4, rue des Cordeliers

O2200 SOISSONS

Tel.: 06 15 16 49 59

  

  

  


De la Préhistoire à nos jours

Reims qui vous accueille plonge ses racines dans le plus lointain des passés. Ville deux fois millénaire, elle a conservé des trésors qui témoignent des riches heures et des moments sombres que l’ancienne cité du sacre des rois de France a traversés au cours des siècles. Chef-lieu d’arrondissement depuis la Révolution française, siège d’un archevêché, d’une académie, d’une université et d’une cour d’appel, Reims est une ville de 191325 habitants en pleine expansion, dynamique et accueillante où il fait bon vivre.


Autrefois capitale de la tribue gauloise des Rèmes qui choisit dès 58 avant notre ère de s'allier à Jules César, la ville devient après la conquête romaine la capitale de la province de Belgique sous le nom de Durocortorum et le lieu de résidence d'un gouverneur romain. Reims, située au coeur d’un réseau routier de première importance, se développe rapidement et prend peu à peu l'aspect d'une cité romaine peuplée d’environ 40000 habitants. Elle possède alors son forum, centre politique, économique, religieux et financier de la cité dont on peut admirer aujourd'hui encore le cryptoportique en forme de U – l’un des rares à avoir été conservé – servant sans doute autrefois au stockage des céréales destinées aux légions romaines. La porte de Mars, ancien arc de triomphe édifié autour de l’an 200, témoigne de la grandeur de la cité antique de Reims devenue à cette époque centre administratif, commercial et artisanal majeur.


Située au carrefour de routes stratégiques, Reims voit sa fonction militaire s’accroître avec, à partir du 3e siècle, les invasions barbares qui entraînent le déclin de la ville, son repli sur elle-même et la construction au Bas-Empire d’une enceinte fortifiée. Assez vite christianisée, la ville se dote d’une église mère à laquelle succède vers l’an 400 une basilique dont l’évêque saint Nicaise fait sa cathédrale et où il sera décapité en 407 par les Vandales.

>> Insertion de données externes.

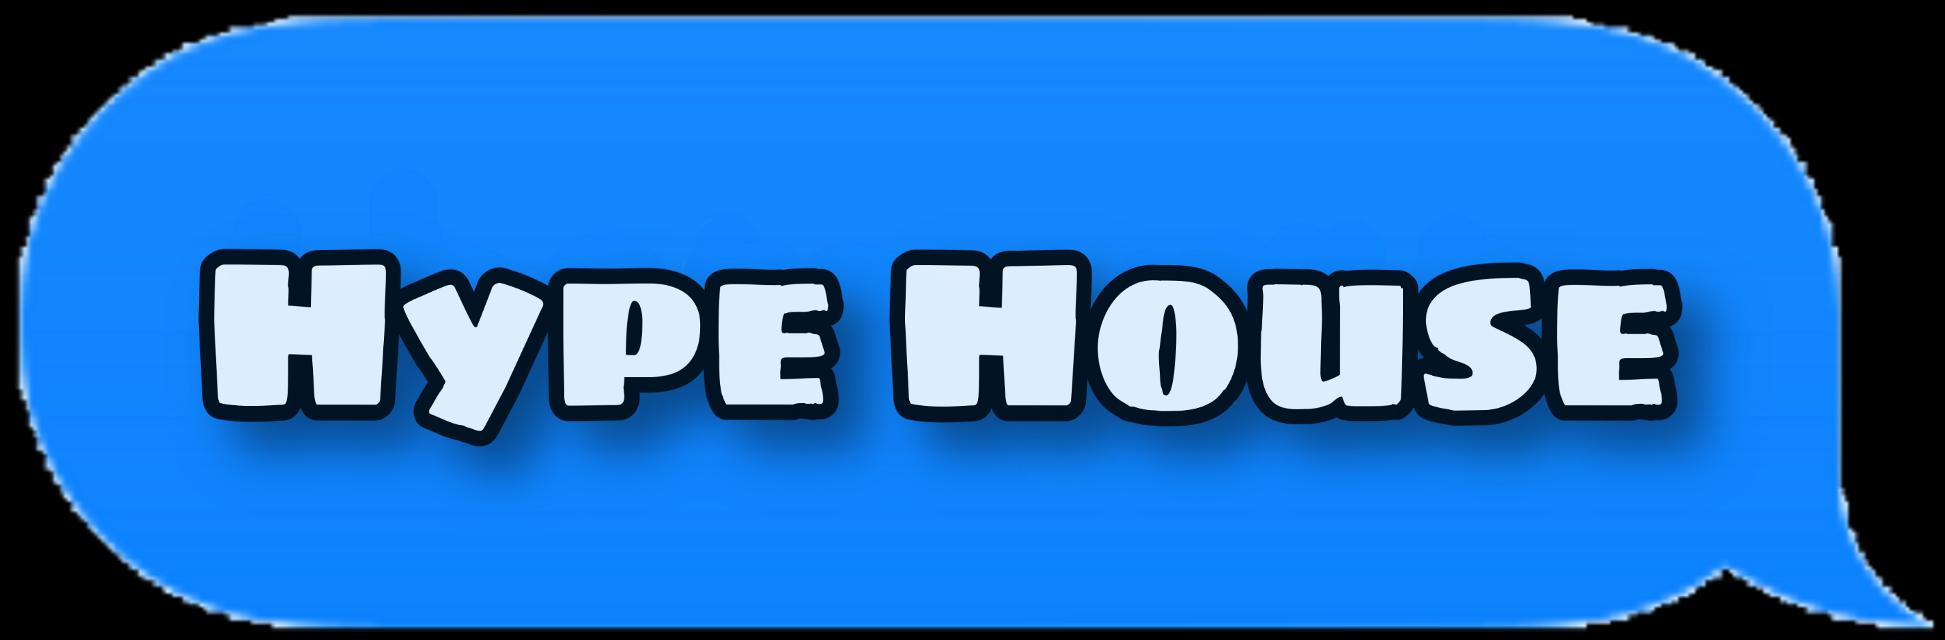 #freetoedit #hypehousetext #hypehouse #tiktok

A la fin du 5e siècle, le roi des Francs Clovis, remportant la victoire de Tolbiac sur les Alamans, renie ses dieux païens, fait le vœux de se convertir à la religion catholique et se fait baptiser avec plusieurs milliers de ses guerriers par saint Remi, évêque de Reims. Cet événement conforte la ville dans une vocation religieuse de tout premier plan et est à l'origine de la tradition des sacres royaux dont le premier est célébré en octobre 816 au profit de l’empereur Louis 1er le Pieux. Reims, dès le début du Moyen Age, se couvre d’édifices religieux et en possède près d’une trentaine à l’époque carolingienne parmi lesquels celui qui deviendra plus tard la basilique Saint Remi élevée sur les lieux de la sépulture du saint évêque. Siège d’un archevêché, Reims voit sa cathédrale autrefois édifiée par saint Nicaise remplacée en 862 par une seconde cathédrale, édifice ravagé par les flammes en 1210 et remplacé à partir de 1211 par l’actuelle cathédrale Notre-Dame, véritable chef d'œuvre de l'apogée du second art gothique inscrit en 1991 avec la basilique Saint Remi, le palais archiépiscopal et l'abbaye Saint Remi au Patrimoine mondial par l'Unesco. Marquée par la personnalité de ses archevêques, Reims se dote au 9e siècle d’un scriptorium de renom puis d’une école sous les épiscopats respectifs d’Ebbon et d’Hincmar tandis que Foulques, Adalbéron et Gerbert confortent Reims en tant que centre intellectuel de tout premier plan. Non seulement détenteurs de pouvoirs spirituels mais également de pouvoirs temporels, ces archevêques sont des personnages qui comptent parmi les plus influents de leur époque et l’un de leurs successeurs se verra contraint en 1182 d’accorder à la ville la charte de franchise que ses sujets lui réclament.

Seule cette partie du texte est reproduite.